Well, I got lucky. De-winterized the camper earlier in the week, hooked up the water and thought I filled up the hot water heater.

Walked out there yesterday evening, and I thought I could hear water boiling..... come to find out, I had just blown out the water lines instead of using the pink stuff so I had never bypassed the hwh. When I de-winterized, I bypassed it.

You wouldn't believe the noise that hwh was making.....

I filled it up and it seems to be OK. I am going to keep an eye on it this weekend, however, while we are out.

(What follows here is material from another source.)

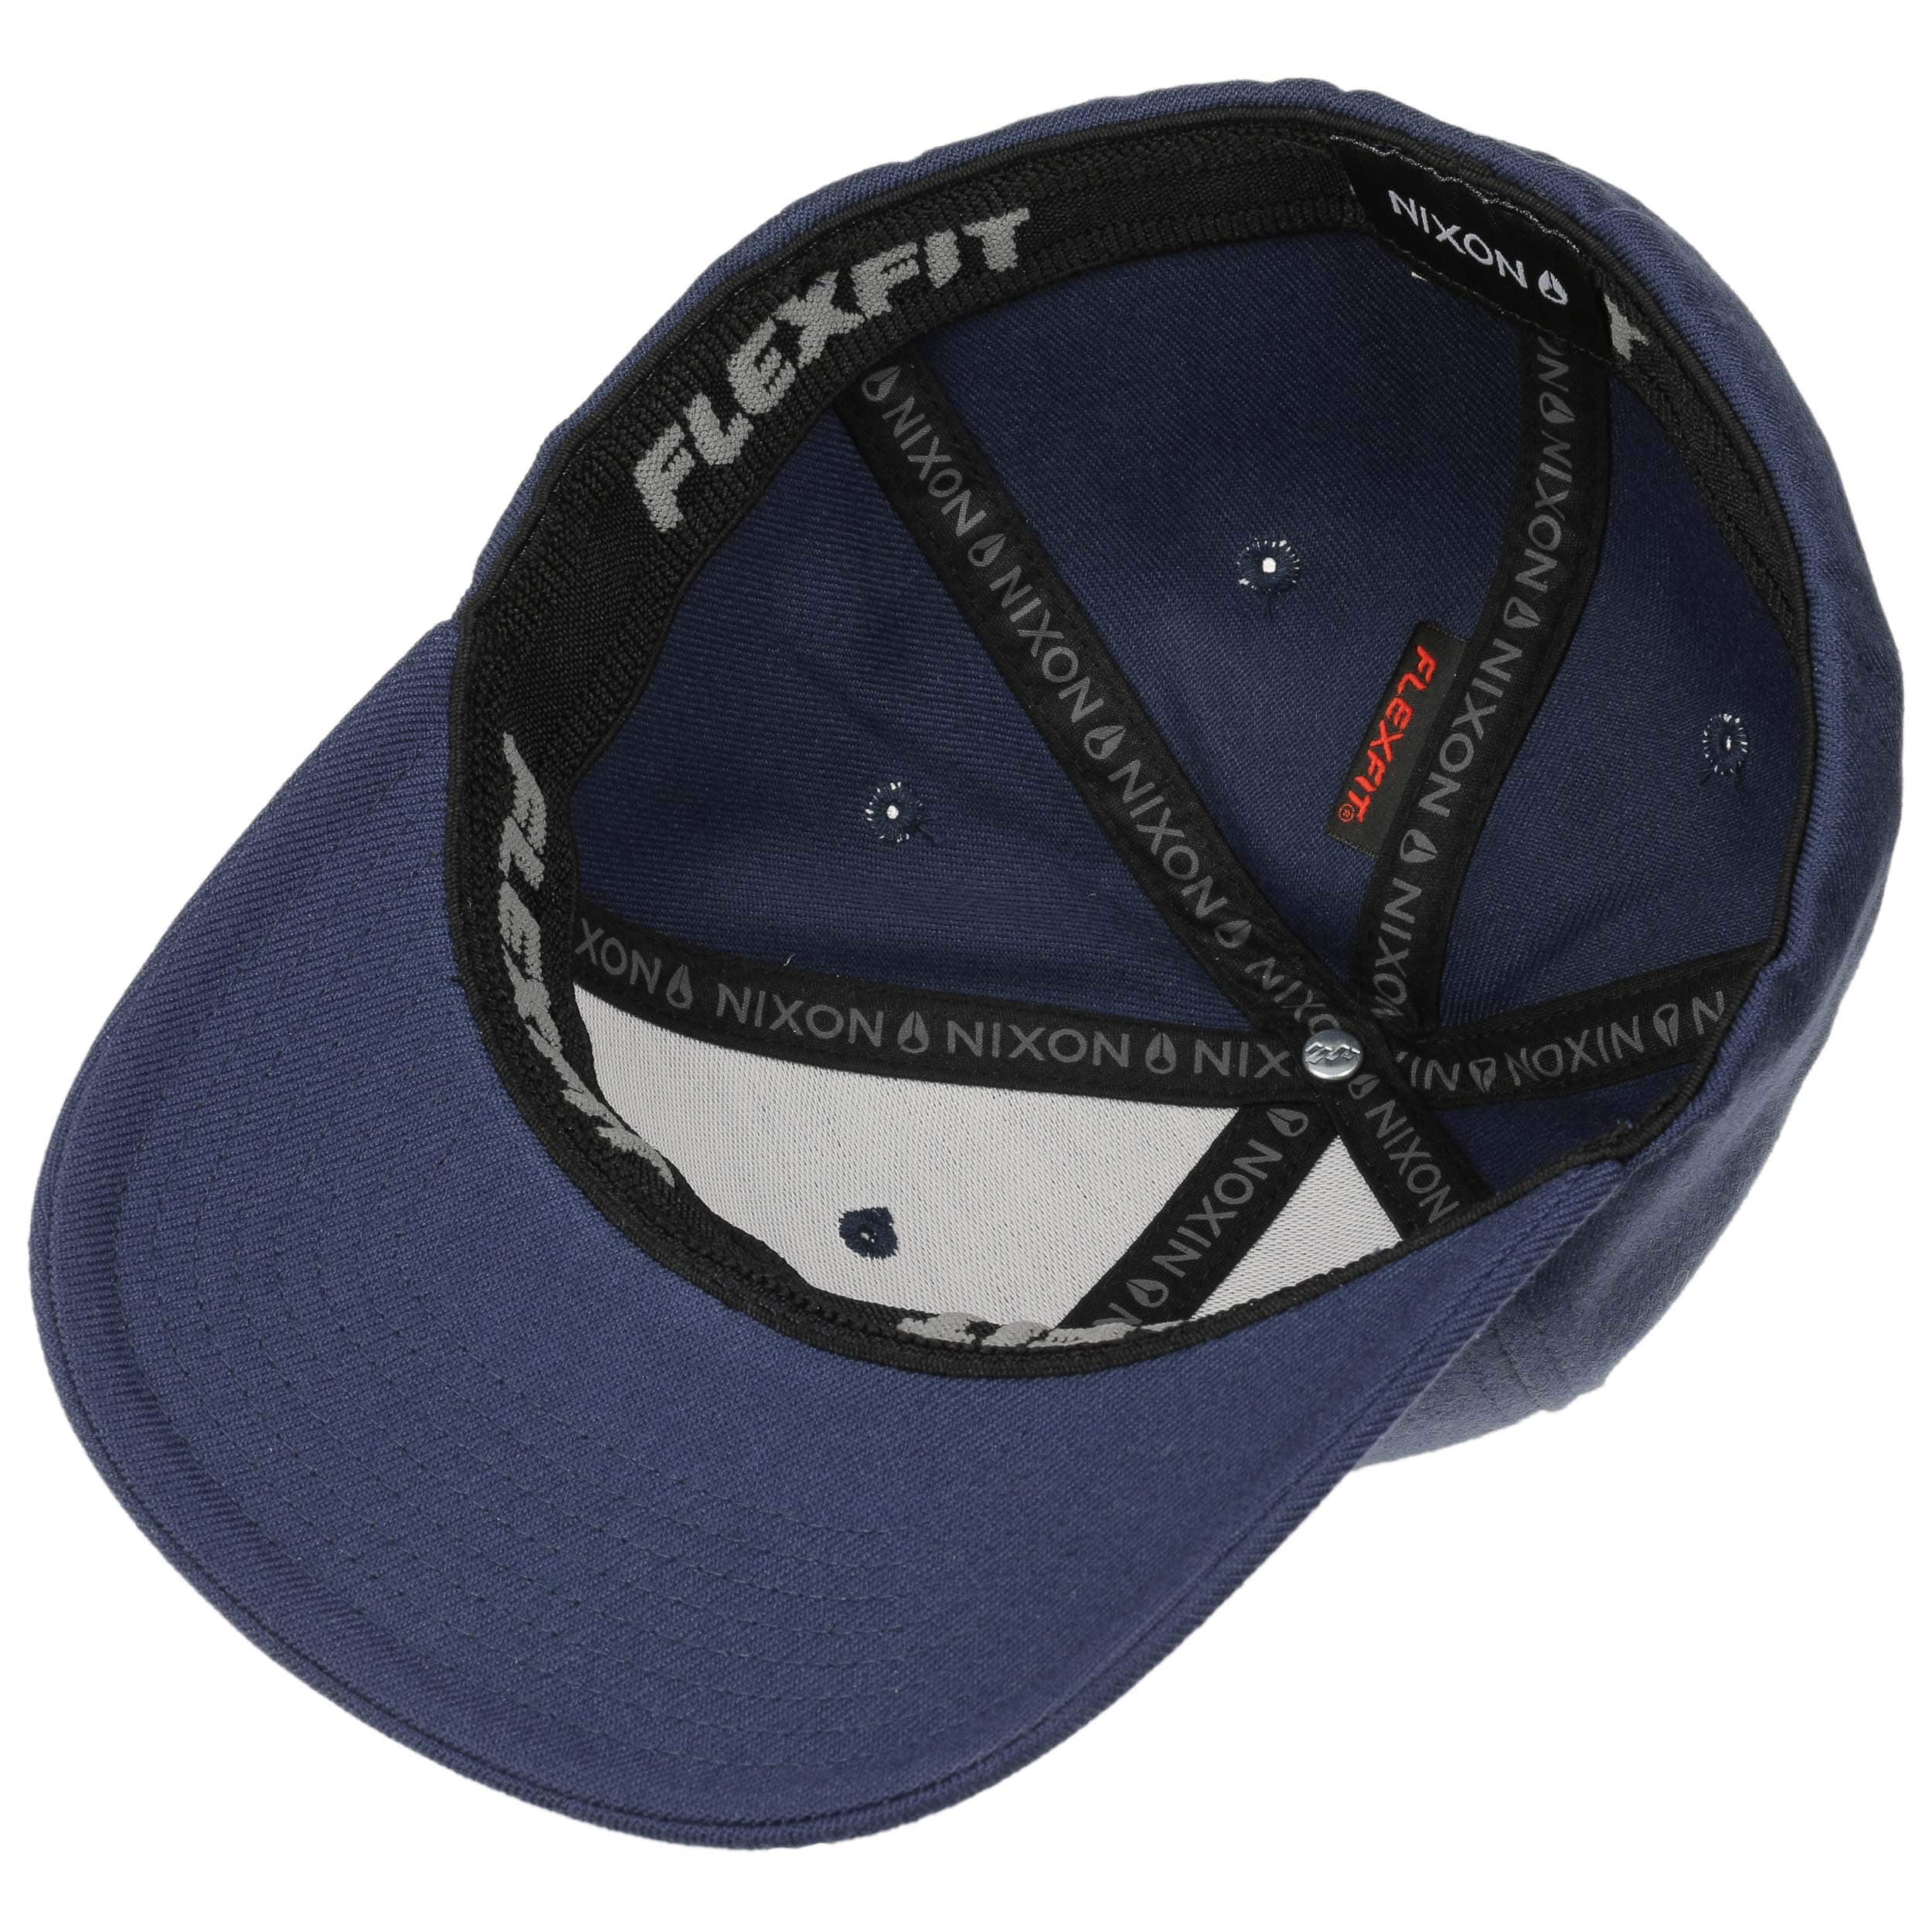 7ee79b391a ... Deep Down Flexfit Cap by Nixon - blue-beige 2 ...

Just a bit of advice.... double check the bypass valve and make sure its in the correct position









Wic


----------



## battalionchief3 (Jun 27, 2006)

I usually crack open the high pressure blow off valve on the HWH. When water comes out, its full. Good advice.


----------



## Sayonara (Jul 23, 2007)

battalionchief3 said:


> I usually crack open the high pressure blow off valve on the HWH. When water comes out, its full. Good advice.


Good info !


----------



## Oregon_Camper (Sep 13, 2004)

Sayonara said:


> I usually crack open the high pressure blow off valve on the HWH. When water comes out, its full. Good advice.


Good info !
[/quote]

X3


----------



## Tim P (Jul 29, 2007)

Say that you do burn up the electric heating element in the HWH. Is it easily replaceable?


----------



## CamperAndy (Aug 26, 2004)

Tim P said:


> Say that you do burn up the electric heating element in the HWH. Is it easily replaceable?


Yes and no. The element itself is easy to replace but the location of the water heater and the gorilla that installed it so that it may never leak (or be removed) can have an impact on your ability to replace it.


----------